Capitalistic Materialism has completely bought into the idea that whatever we hope for in life can be purchased.  If I just get that house …; when I have enough for that car I really want; I just need to be able to retire in luxury and ease.  In Christ, we find joy in being extravagantly generous, giving away as much as we can to help others flourish.  In Christ, we claim that our money, possessions, relationships, time, and our very selves – belong to God.  Our greatest happiness is found when we are used by God for His purposes. 
Personal Autonomy insists that we are each endowed with inalienable rights that include the right to determine our own personal destinies.  It doesn’t say anything about inalienable rights in the Bible.  In Christ, we don’t determine who we are.  God tells us who we are.  We come with a story, tell that story to God, and then He is takes our story and invites us into His.  We don’t write our own stories.  We step into the story God is writing. 
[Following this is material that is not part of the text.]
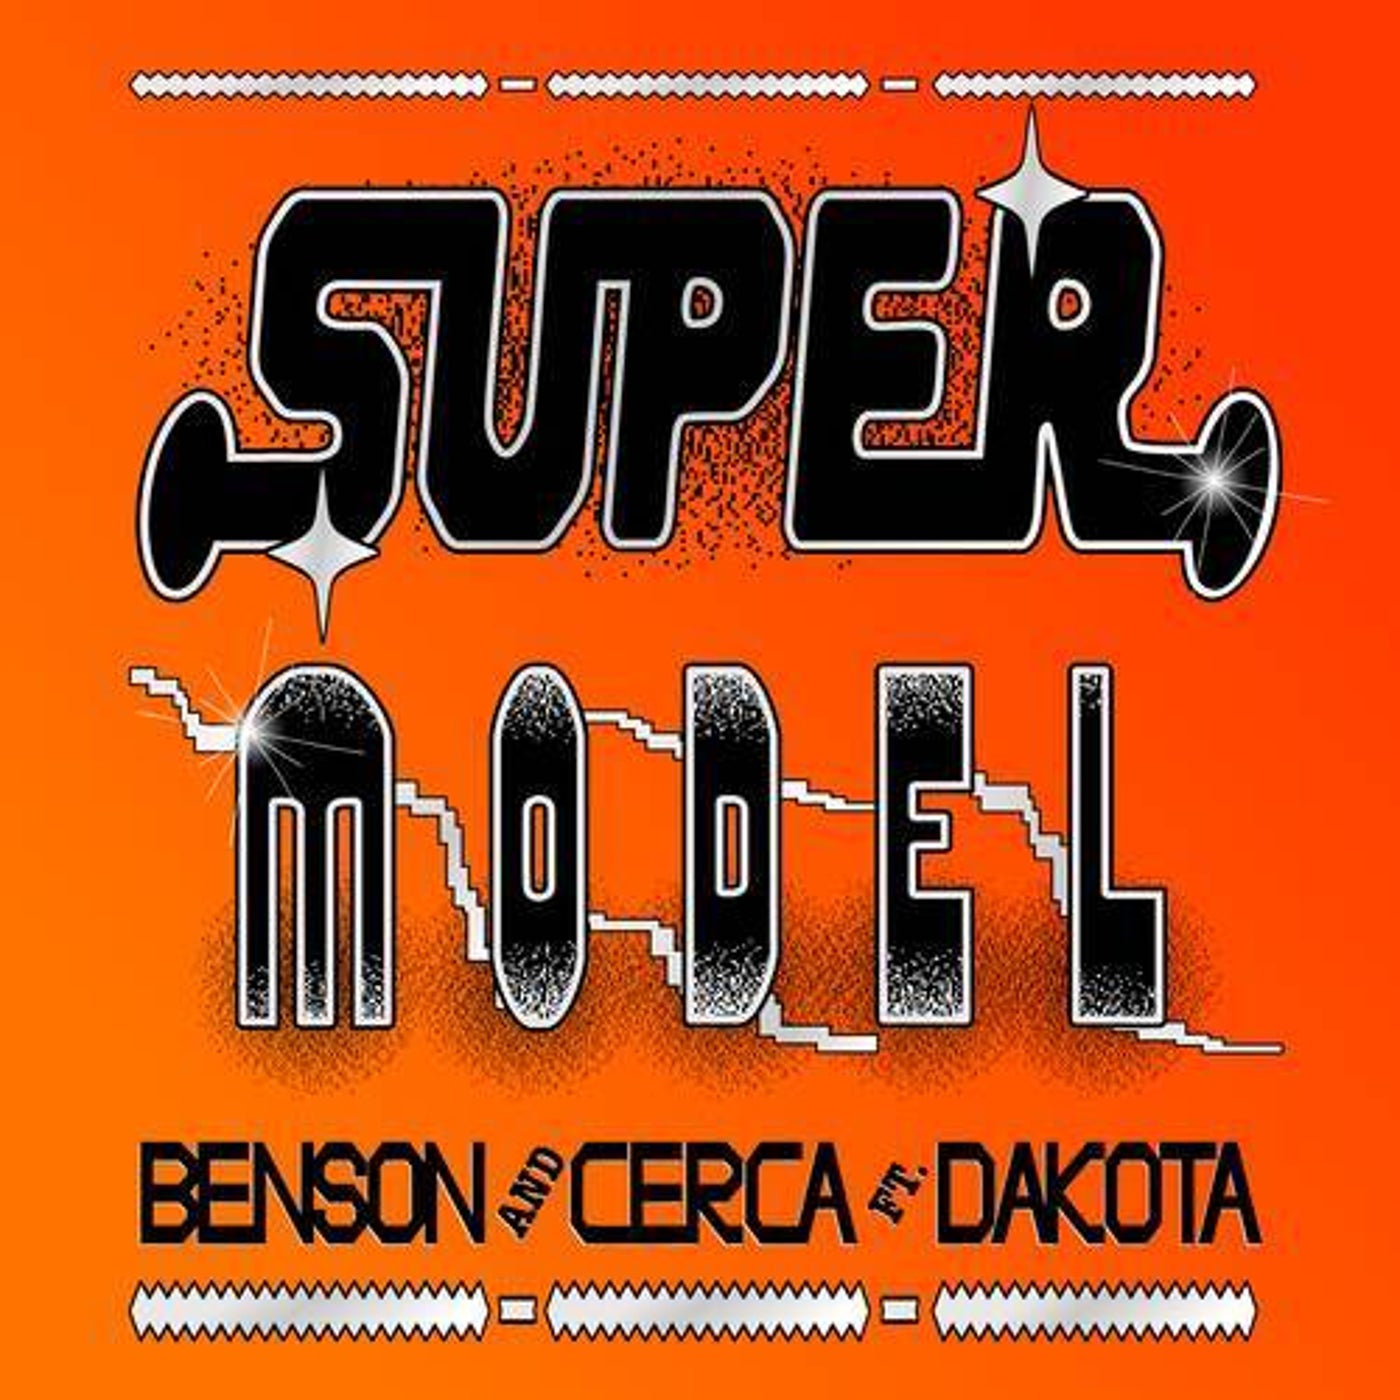 image cover: Dakota, Benson, CERCA - Super Model (Extended Mix) on Ultra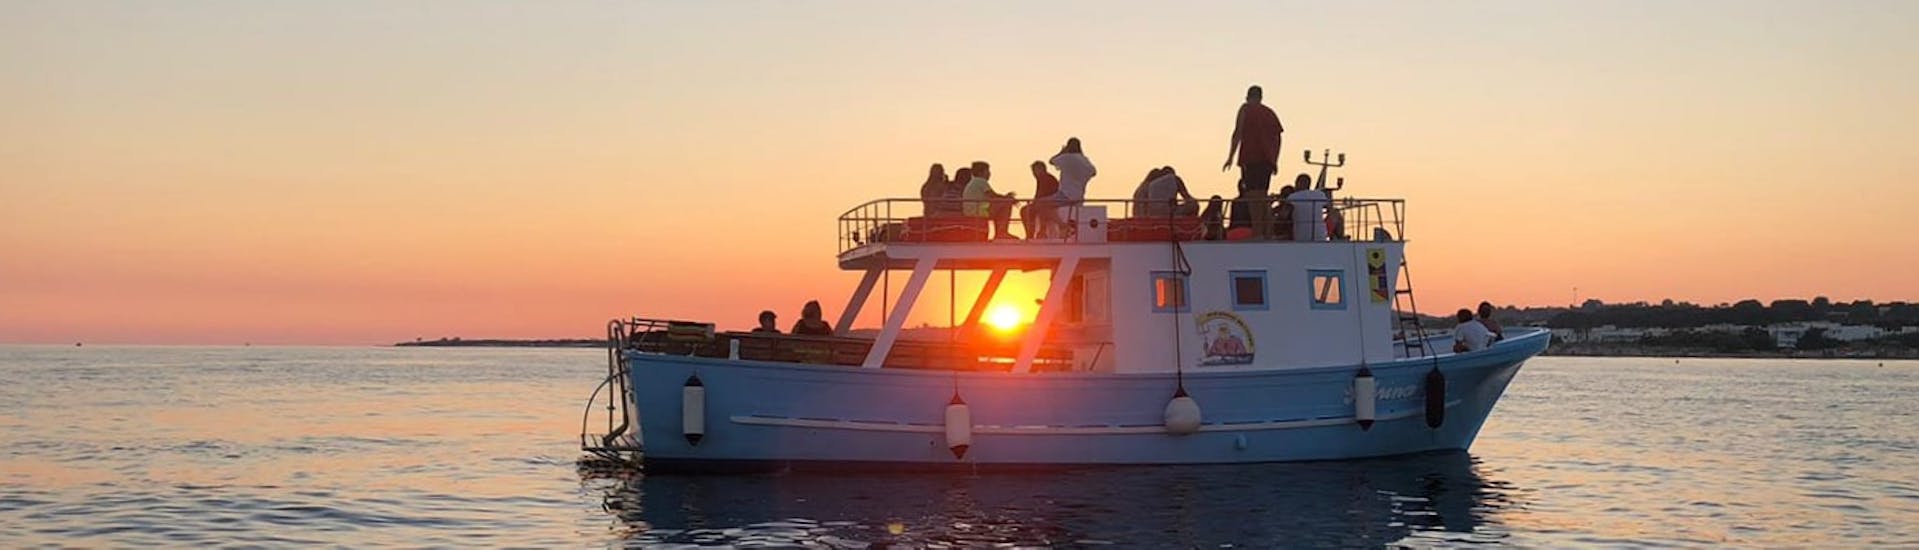 Il meraviglioso e colorato tramonto che potrete ammirare durante il giro in barca alle grotte del Salento al tramonto con Noleggio Nettuno Torre Vado.

Paul “decided to know nothing except Jesus Christ and him crucified” because that’s the foundation.  Life is built when we die on the cross and are raised by God to new life in Christ.  Standing on that foundation, Paul can talk about current issues, theology, households and relationships, worship practices, and creation care.  Paul’s worldview develops after he sets the foundation, his encounter with Jesus at the cross. 
The 21st century has already seen explosive growth in communication, technology, and scientific understanding.  We engage this complicated world after we have met Jesus at the cross.  Whatever new modes of relationships, sexuality, and our understanding of human gender arise in our time, our engagement with the world as it is happens after we meet Jesus at the cross. 
Whatever changes come to the world in the next 100 years – it does not matter.  We meet every new idea or new way of living as followers of Jesus – the crucified, resurrected one.  On the foundation of the cross, disciples are built.  I earlier mentioned the swirling torrent of ideas and change in which we live. The way to stand in swirling winds is to be anchored to a firm foundation and we are when we are anchored to Christ.  
So, look to the cross.  Open yourself completely to God’s love and forgiveness.  In honesty, come, tell God your story and then give it to Him and receive the new story He has for you.  In Christ, you are His beloved child.  Come to Him.